Gaddafi surrender talks break down

Rebel fighters are continuing to step up pressure on fugitive Libyan dictator Muammar Gaddafi as the deadline for his surrender nears.

Negotiations held over the peaceful handover of a loyalist area have failed, they said.

Abdullah Kanshil, a rebel negotiator outside the town of Bani Walid, said fighters outside were waiting for the green light to launch a final assault.

Pro-Gaddafi forces have been given a deadline of Saturday to surrender in their strongholds of the old regime or face an attack.

The rebels have said the hardcore loyalists are a small minority inside Bani Walid, but are heavily armed and stoking fear to keep other residents from surrendering.

Meanwhile it has emerged that Britain was threatened by the Gaddafi regime that there would be «dire consequences» for UK-Libya relations if Lockerbie bomber Abdelbaset al-Megrahi died in his Scottish jail cell.

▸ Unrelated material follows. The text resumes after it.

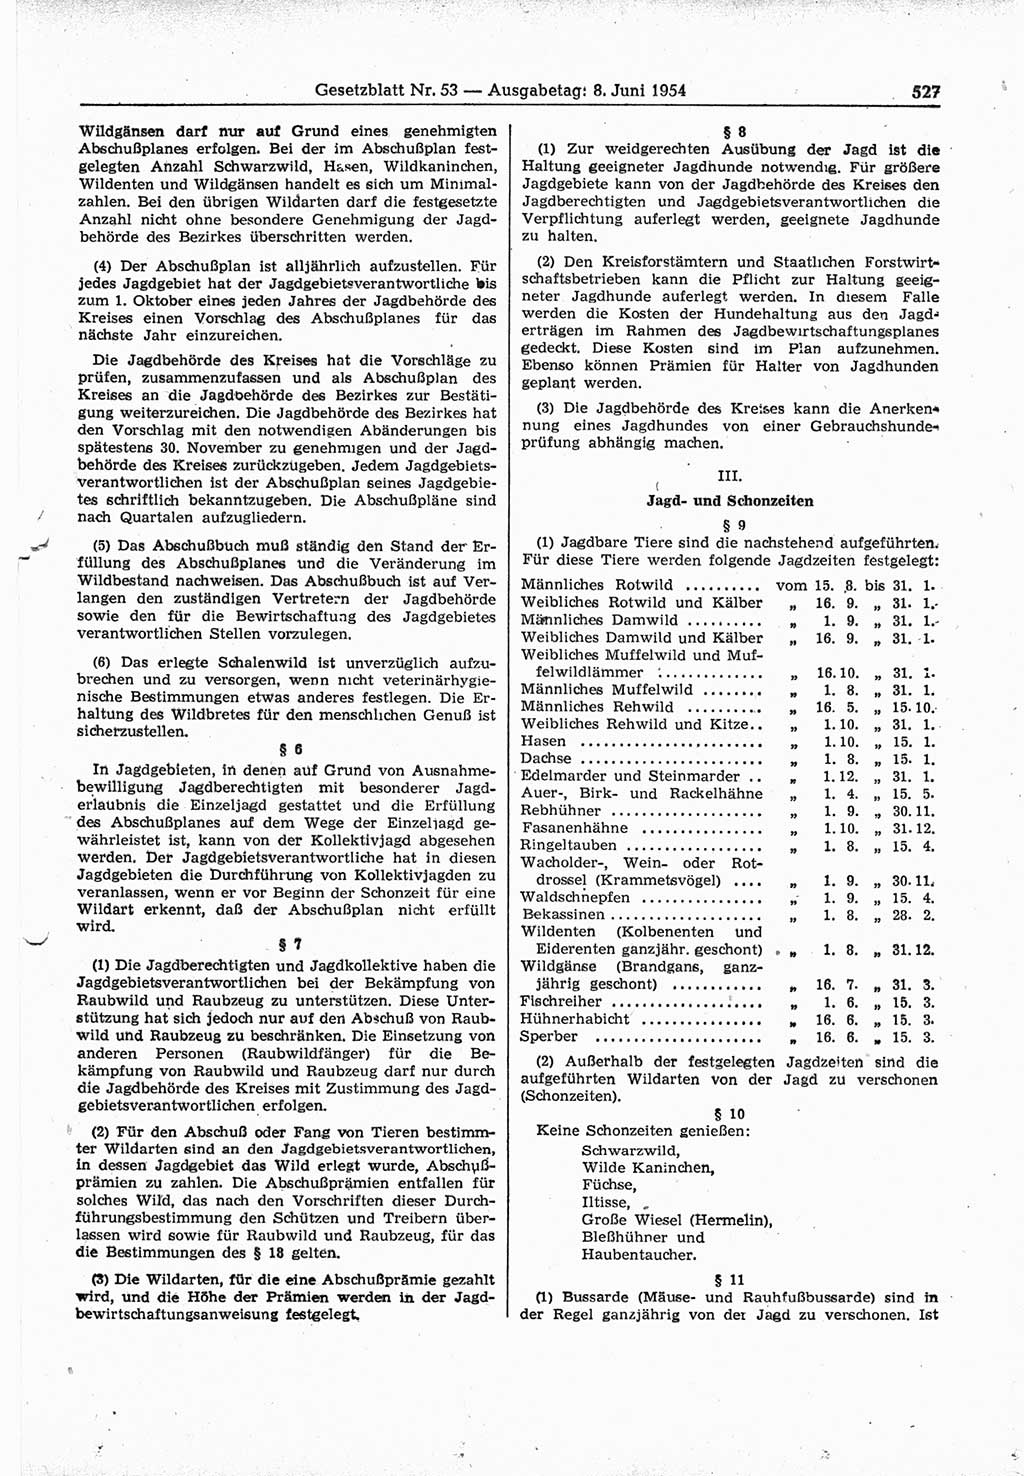 Gesetzblatt (GBl.) der Deutschen Demokratischen Republik (DDR) 1954, Seite 527 (GBl. DDR 1954, S. 527)

The extent of lobbying by the Libyan government leading up to Megrahi’s release in August 2009 was laid bare after confidential documents were discovered by reporters in the abandoned British embassy building in Tripoli.

In one, senior Foreign Office official Robert Dixon wrote to Foreign Secretary David Miliband in January 2009 that Gaddafi wanted Megrahi to return to Libya «at all costs».

«Libyan officials and ministers have warned of dire consequences for the UK-Libya relationship and UK commercial operations in Libya in the event of Megrahi’s death in custody,» he wrote, adding: «We believe Libya might seek to exact vengeance.»

Megrahi – the only person convicted of the 1988 Lockerbie bombing – was released on compassionate grounds after the Scottish government was told he had only three months to live. He is still alive today.